• **Your goal**
The listing, minus its pictures, is to be given again exactly.

• **Data extract**
== == ==

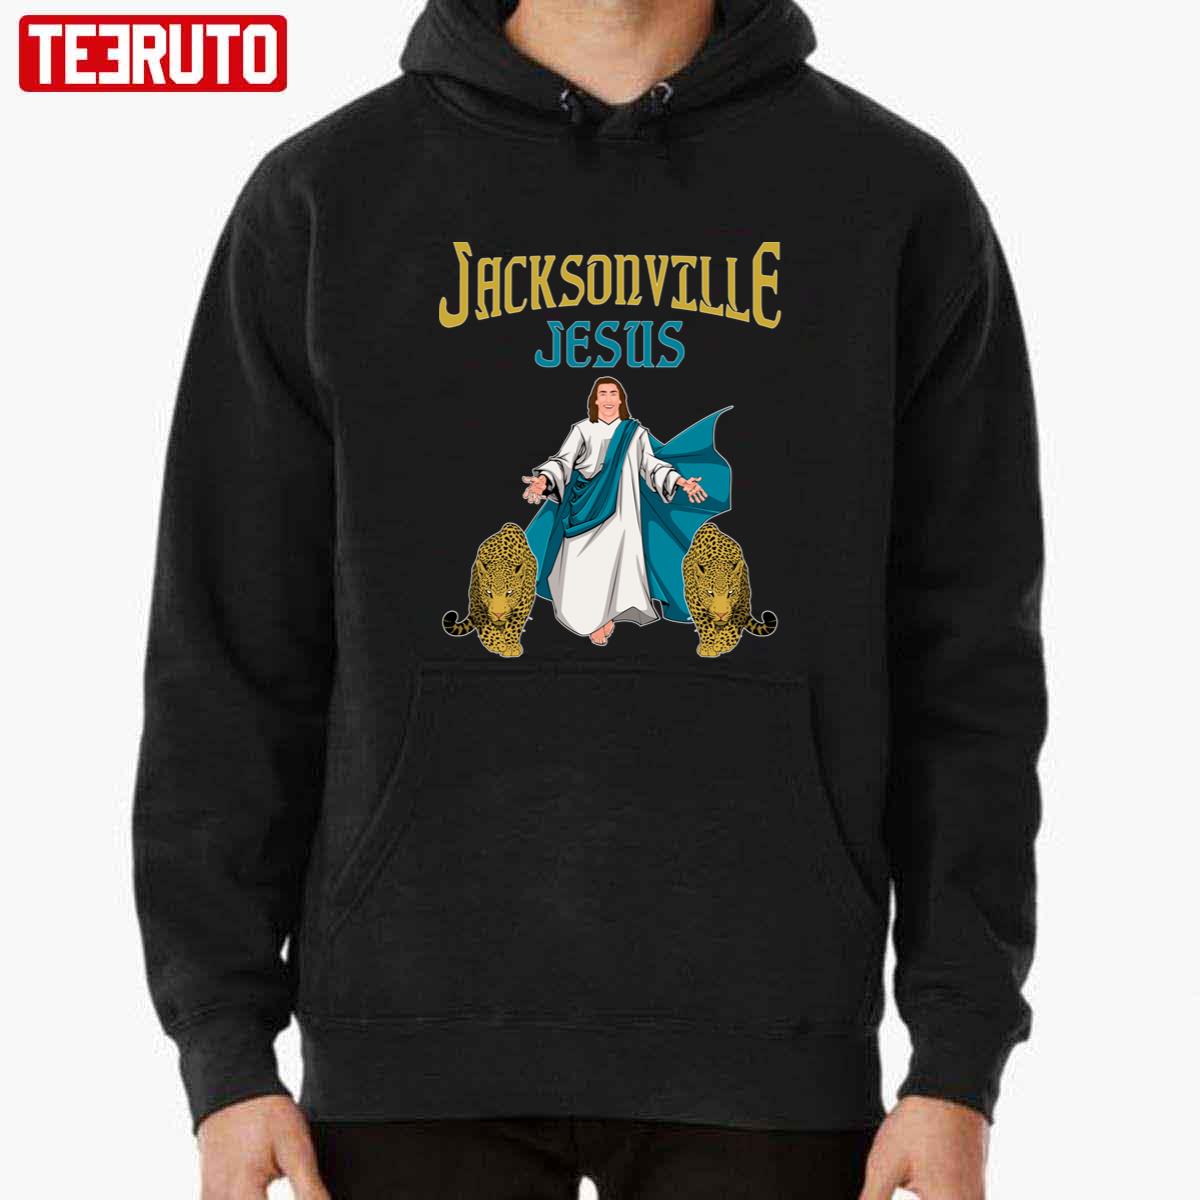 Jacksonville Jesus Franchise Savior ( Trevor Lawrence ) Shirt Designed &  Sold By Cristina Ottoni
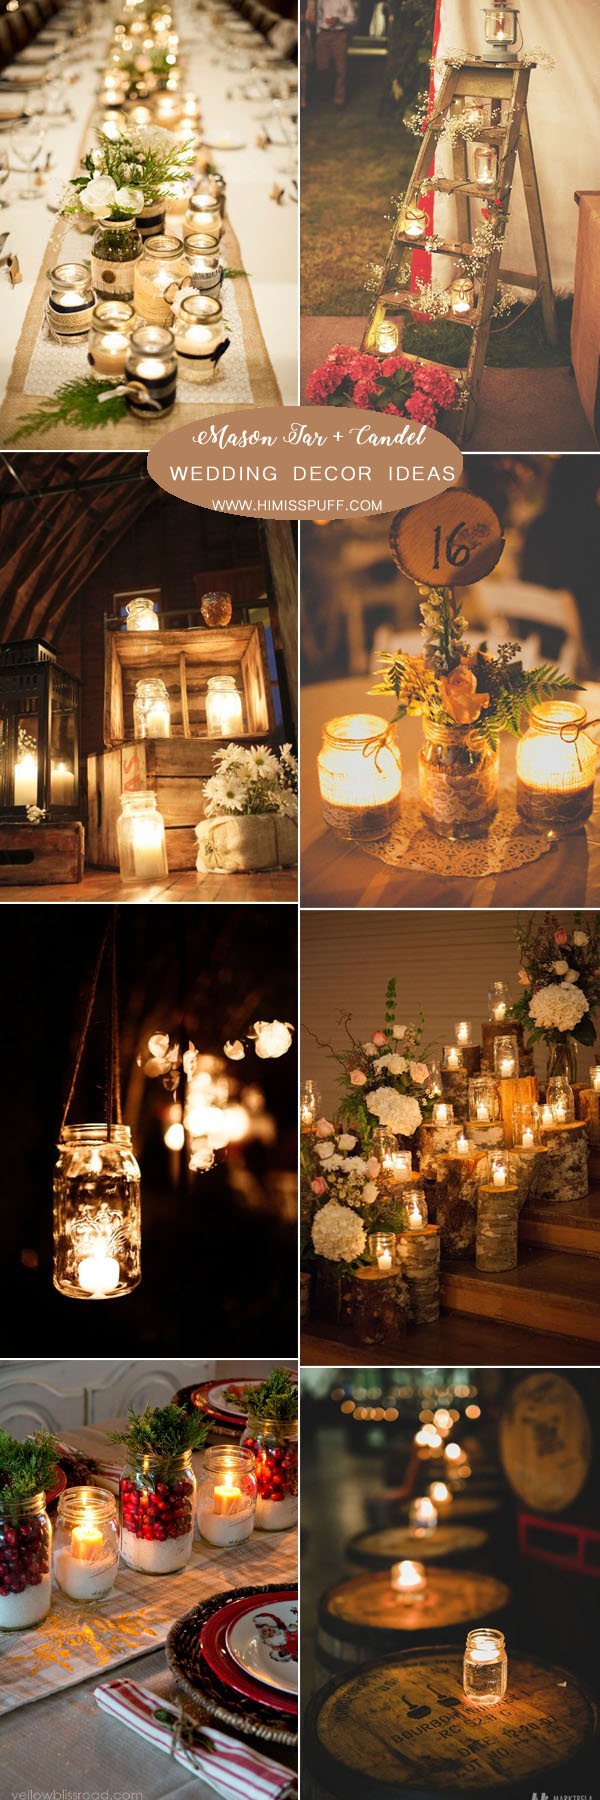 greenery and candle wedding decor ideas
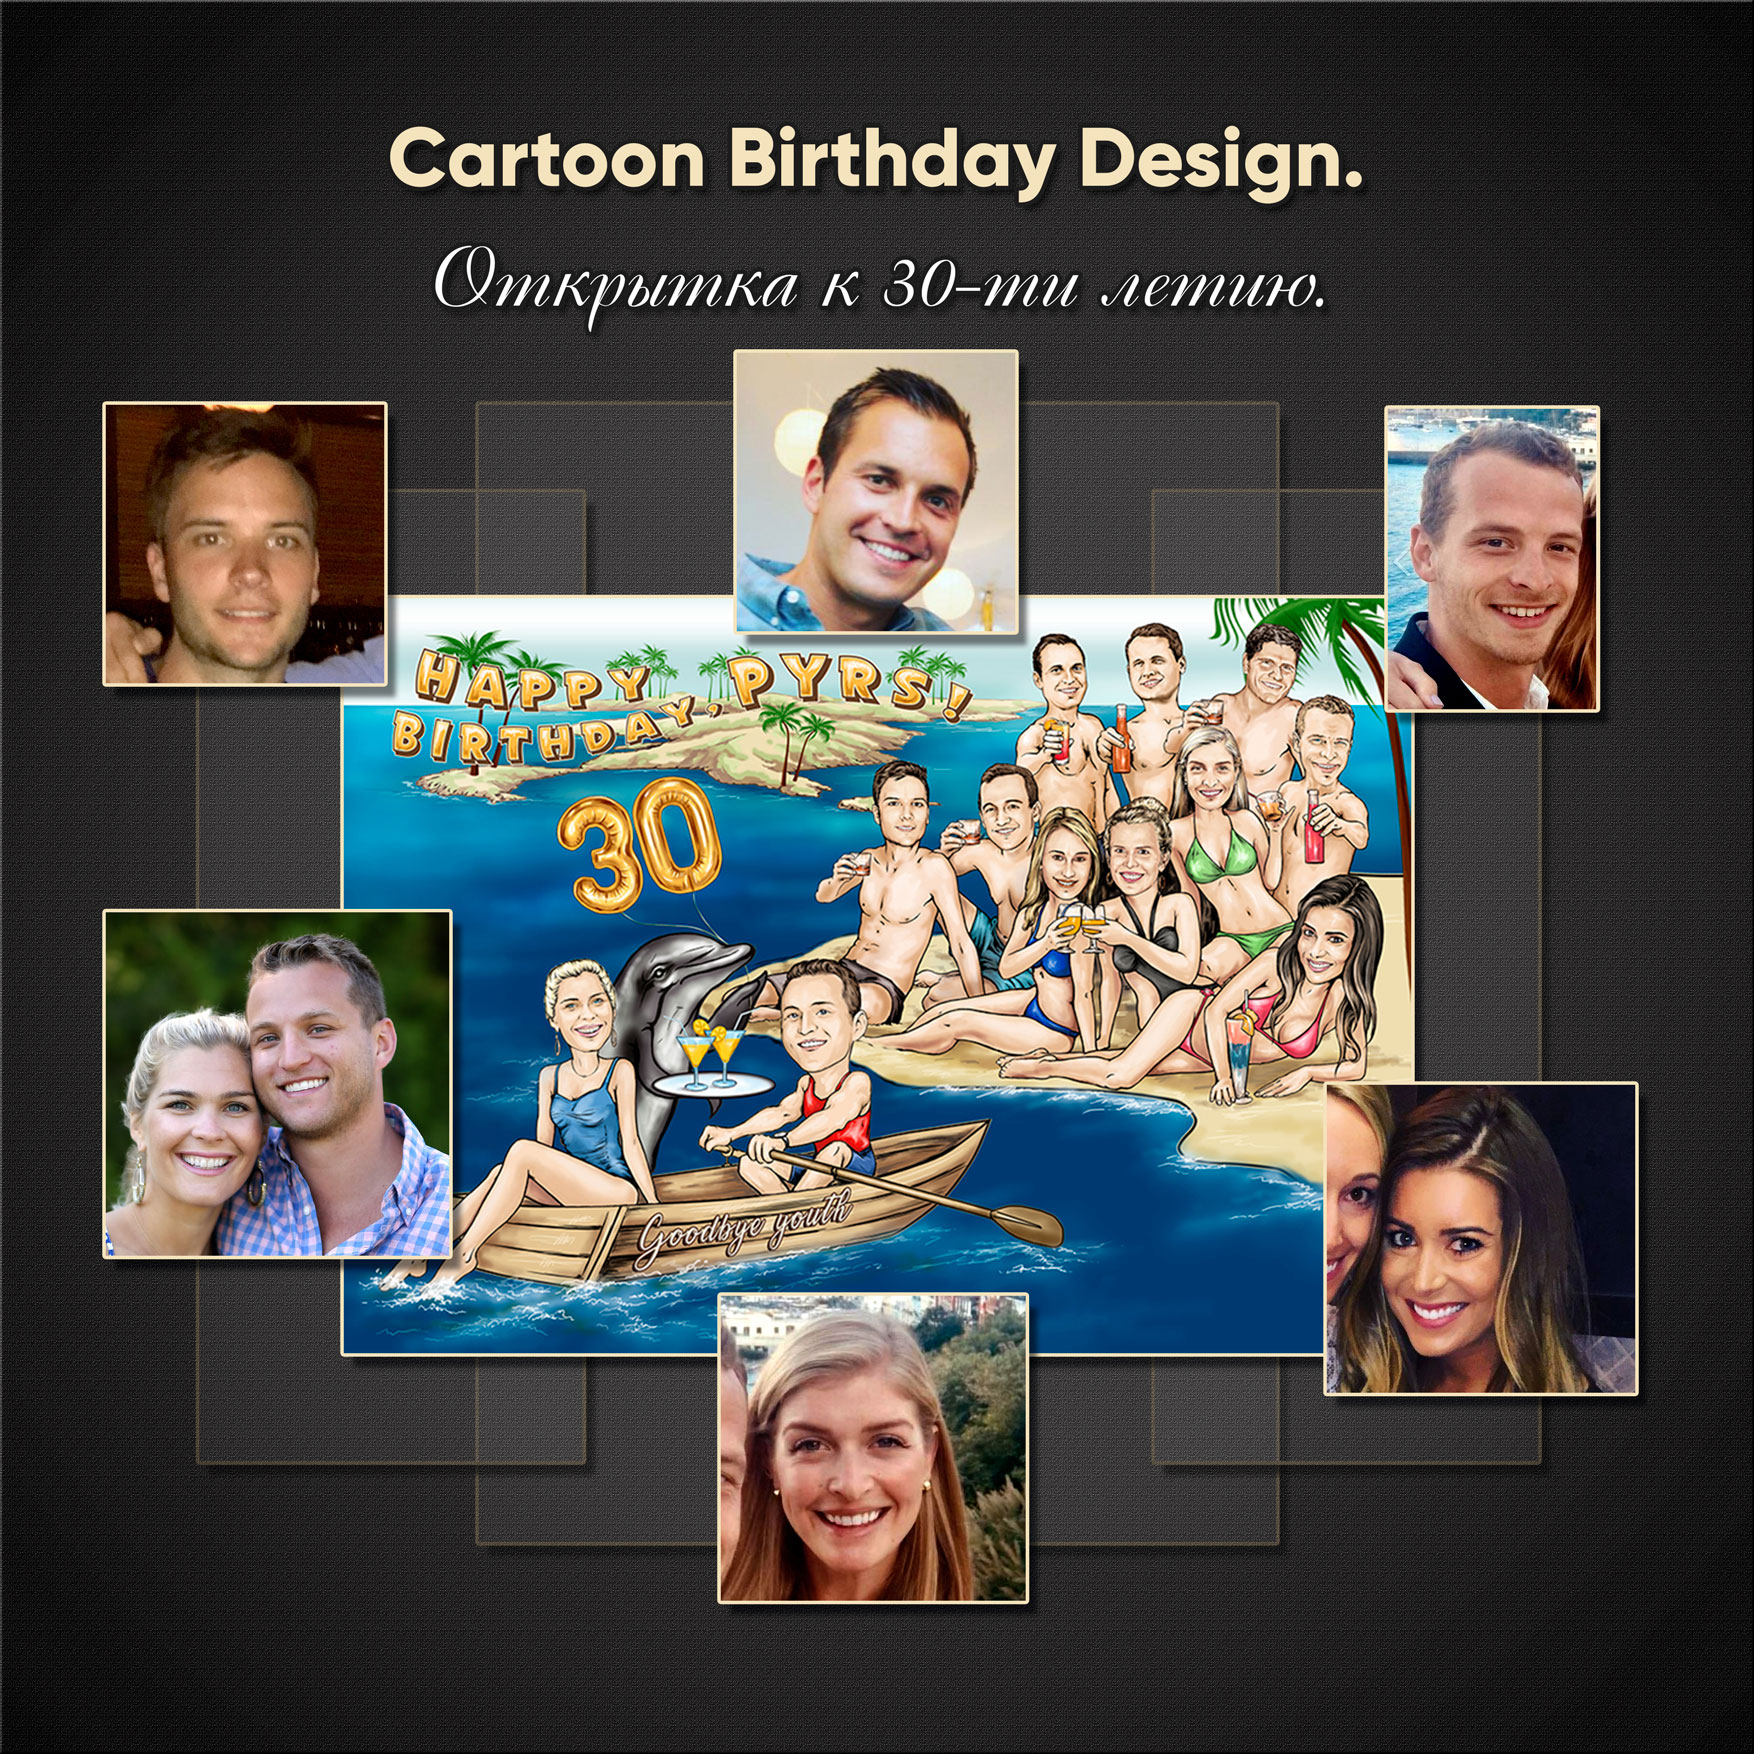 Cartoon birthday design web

== == ==

• **Result**
 Jacksonville Jesus Franchise Savior ( Trevor Lawrence ) Shirt Designed &  Sold By Cristina Ottoni
 greenery and candle wedding decor ideas
 Cartoon birthday design web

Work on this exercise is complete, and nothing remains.